Skateboarders are targeted by the police | Opinion | Halifax, Nova Scotia | THE COAST

Skateboarders are targeted by the police

An academic study shows that there are far fewer head injuries from skateboarding than from other activities we take for granted.

When visiting other cities I'm both amazed and relieved the first time I am rolling down the street on my skateboard and see a police officer, as the officer hardly gives me a passing glance. But in Halifax I feel like I've robbed a bank if I make it to the store and back on my board with a carton of milk. This constant fear of police attention is universal for Halifax skateboarders. The skateboard is a simple object that can play a variety of roles in a person's life: a hobby, a free and active mode of transportation, a forgotten plaything of their past. But for countless others it is an object that determined the entire course of their lives. These are the people who may not have been cut out for organized sports for financial, social or physical reasons; the people who may have used it to escape a painful and abusive childhood; the people who sidestepped a future of crime or substance abuse by being introduced to a new group of people with a mutual positive interest.
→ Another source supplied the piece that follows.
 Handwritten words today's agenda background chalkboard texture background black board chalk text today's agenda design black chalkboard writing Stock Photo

Skateboarding allowed me to come out of my shell and finally make friends. It introduced me to an entire world of music and artwork, and it has taken me on trips to places I would've never seen otherwise. This simple object was the only thing that kept me going from the age of 18 on as I watched my mother fade away as a victim of Alzheimer's and my entire family self-destruct in the process.

Halifax has its share of problems, some organizational and some social. One of the most glaring problems in Halifax is violent crime. As a city we need to be doing everything we can to repair the relationship between young people and the police. The current legislation regarding skateboarding is creating a tremendous amount of very negative first encounters with police for the youth of Nova Scotia. These are the very people that need to be able to trust the police.
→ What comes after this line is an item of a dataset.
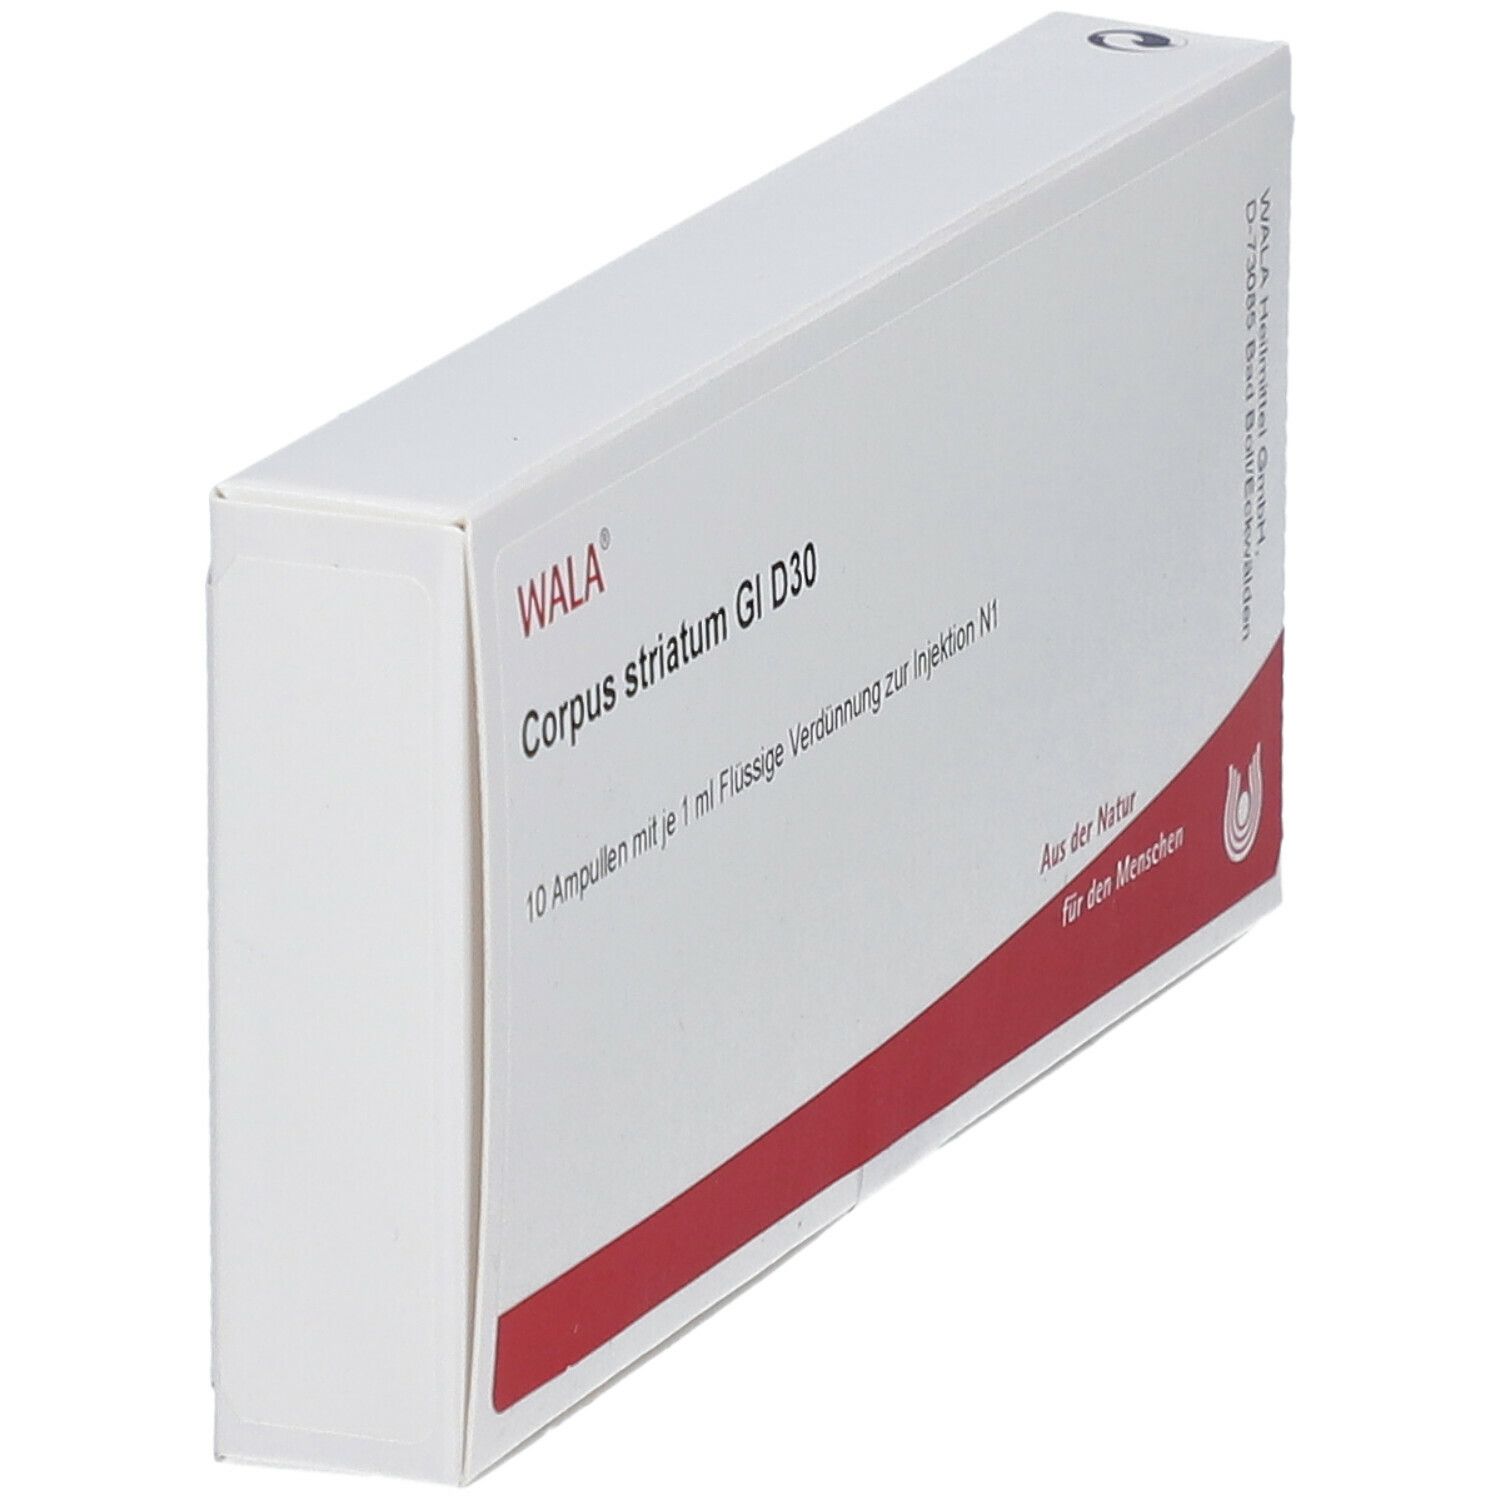 WALA® Corpus striatum Gl D 30

In the 2009 article in The Coast, "Skate free and/or die," we hear from Joan Massey, a supporter of Bill 86, which made helmets mandatory while riding skateboards, rollerblades and scooters, and fines violators through the Motor Vehicle Act. She mentions that the government was using the $570 million cost of all injuries in Nova Scotia to determine that these three sports needed a mandatory helmet law. The ratio of head injuries to un-helmeted participants of these sports is not stated.

One year before the MVA was stretched to include skateboard protective equipment, there was a study published by Dalhousie's Department of Emergency Medicine and EHS Nova Scotia Trauma, titled Comprehensive Report on Injuries in Nova Scotia, written by S. Ackroyd-Stolarz and J.M. Tallon. This study has a full list of head injuries in Nova Scotia from 1992-1999. In the 16-34 age group from 1992-1999 there were 421 head injuries caused by generic falls, 1013 from assault, and 655 from car accidents. Bikes were the cause of 34 head injuries in this seven-year period. Other transportation, which would include skateboards, was the cause of 25 head injuries.
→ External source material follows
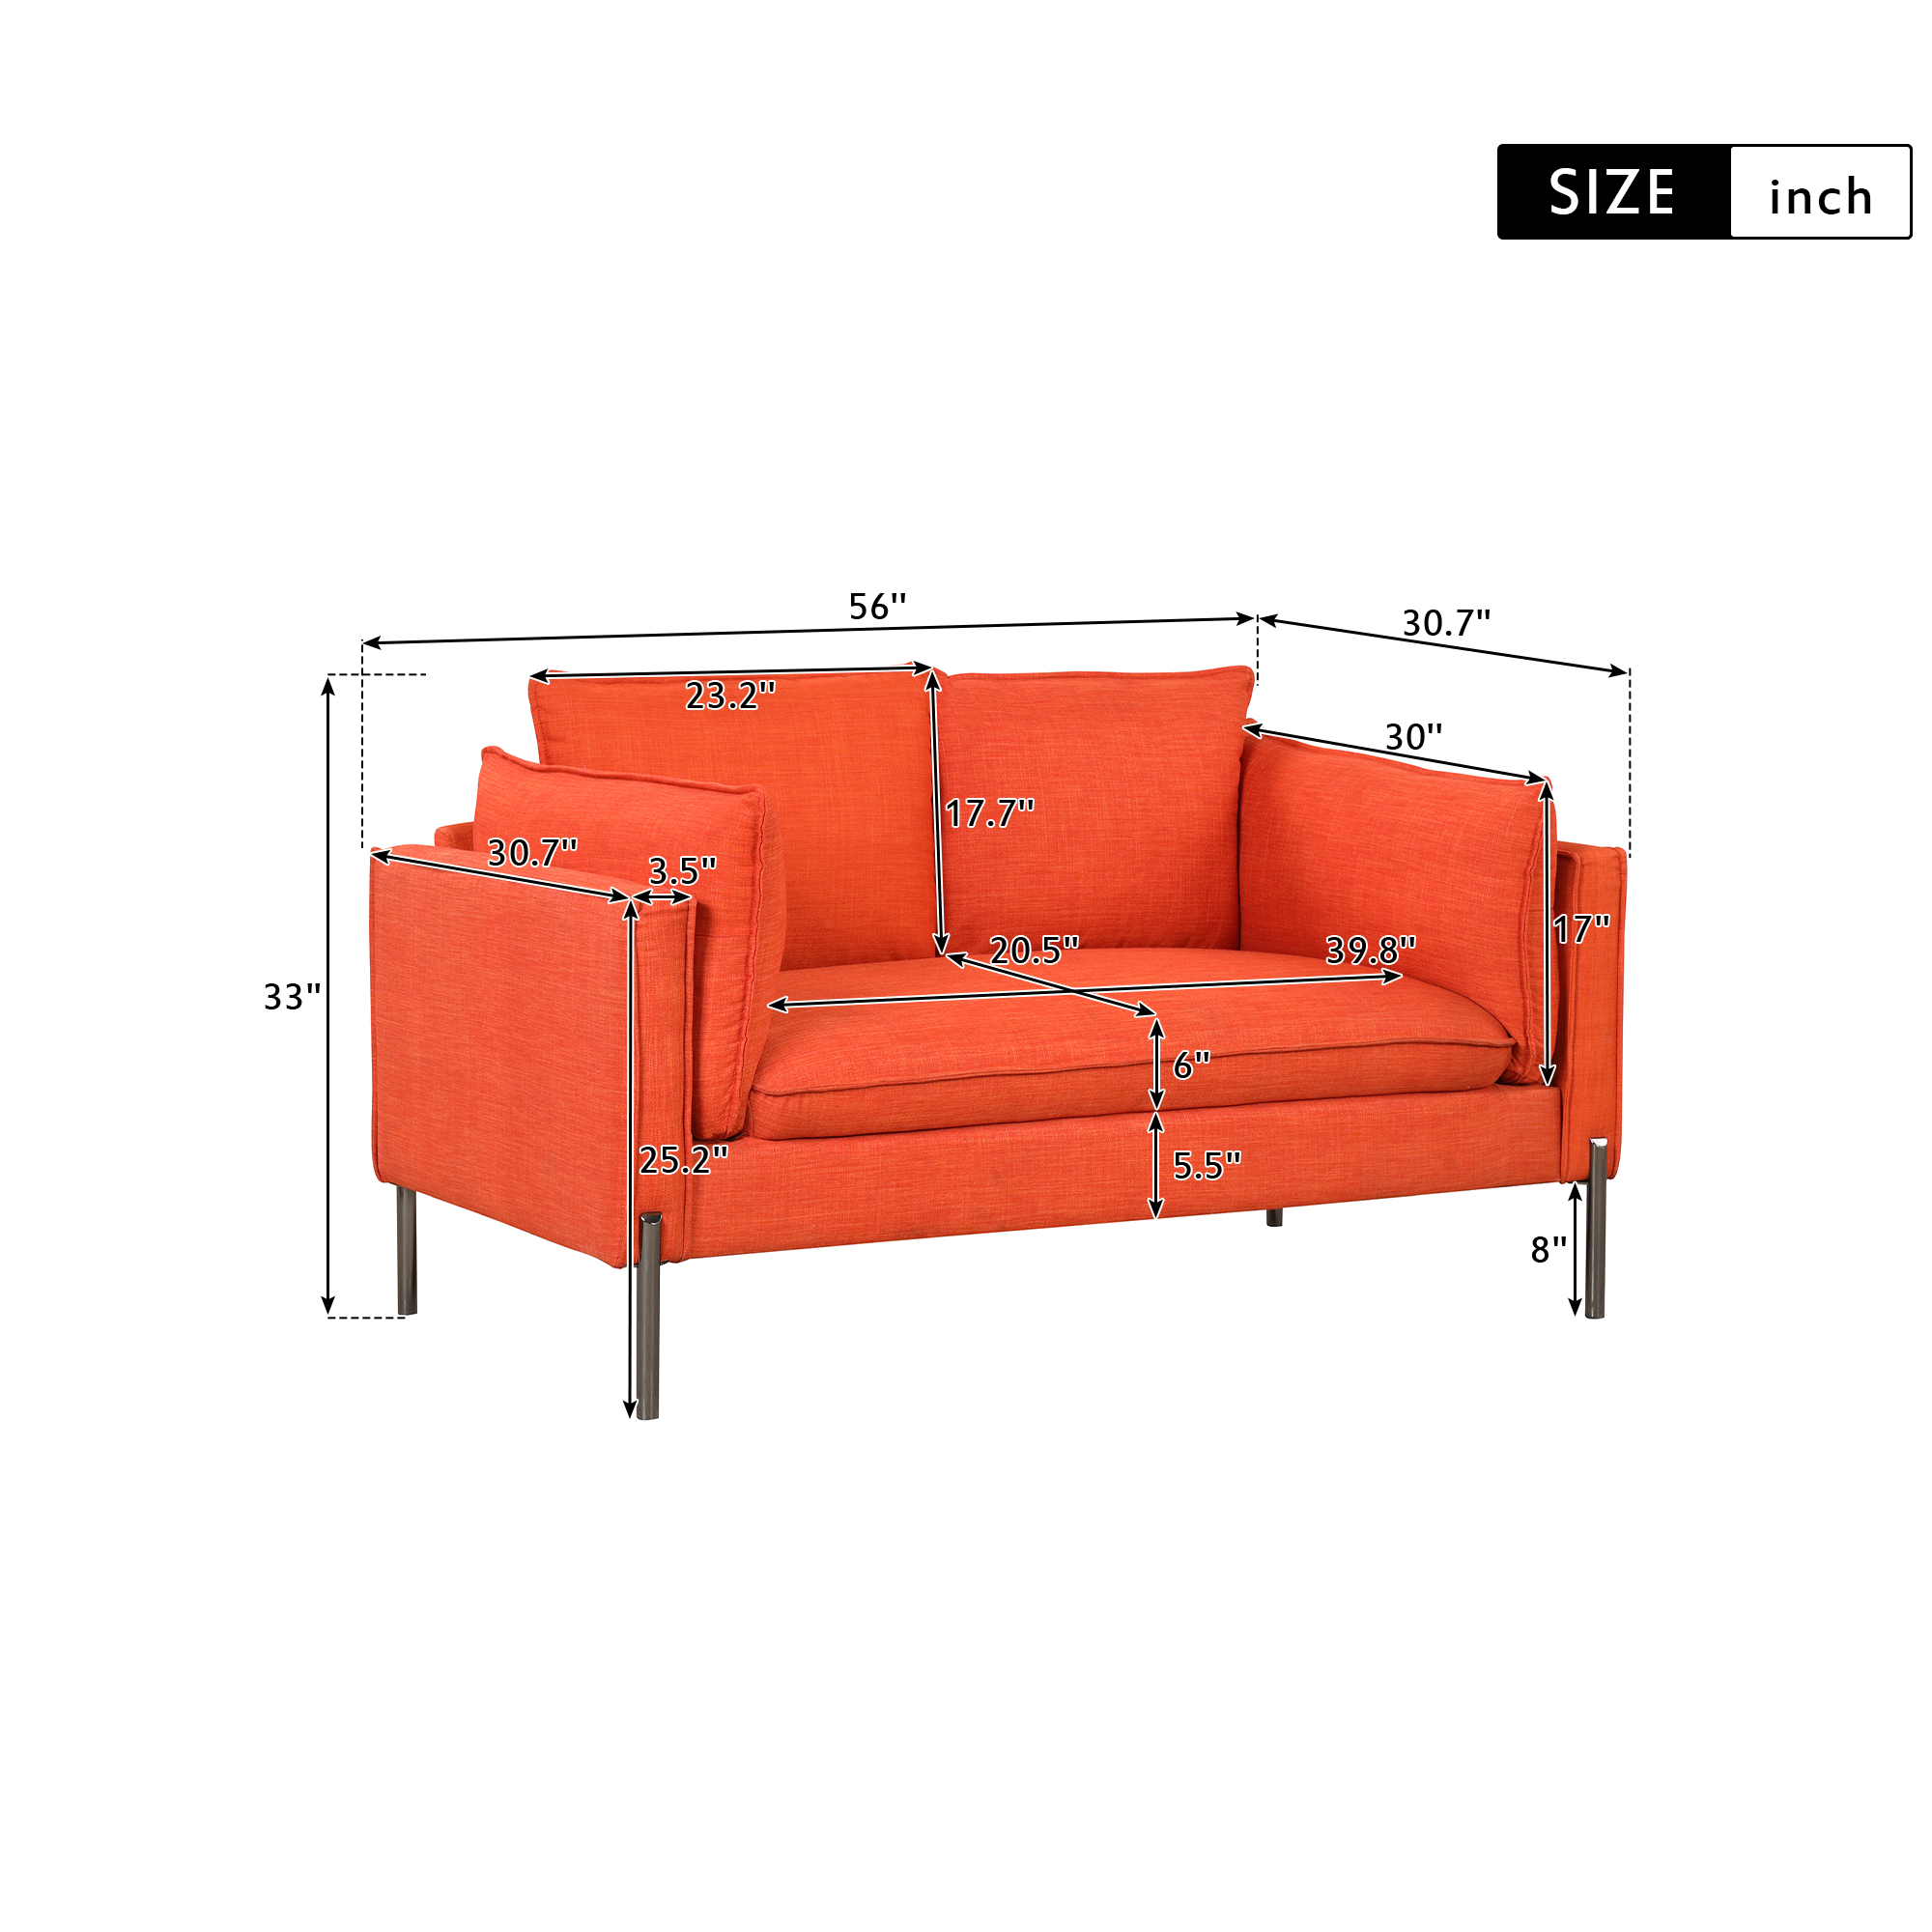 Linen Fabric Upholstered Loveseat, Orange - WF292373AAG

This paper was available during the time that the bill for skateboard helmets was being debated. It's clear, however, that the law was not based on actual science, but rather on the misconceptions and bias of our legislators regarding the actual safety of different activities. The stats are clear: skateboarding is far safer than many activities that are more socially acceptable.

The skateboard helmet law has no justification. People have always used protective gear when riding terrain that warrants it. We skateboarders simply want to be treated like adults and trusted with our own safety when doing the thing we've done daily for the better part of our lives, the same way we can choose to enter a NSLC, a smoke shop or drive a car---all things that carry an exponentially higher risk than skateboarding.

I will continue to look toward the future and hope to see a time where the province of Nova Scotia and the city of Halifax take full advantage of their facilities and its population to help grow the community and advocate healthy living.


Nate Oliver is a front-end web developer and skateboarder from Halifax. His petition to amend/repeal the skateboarding helmet law is located at chn.ge/X42b2t.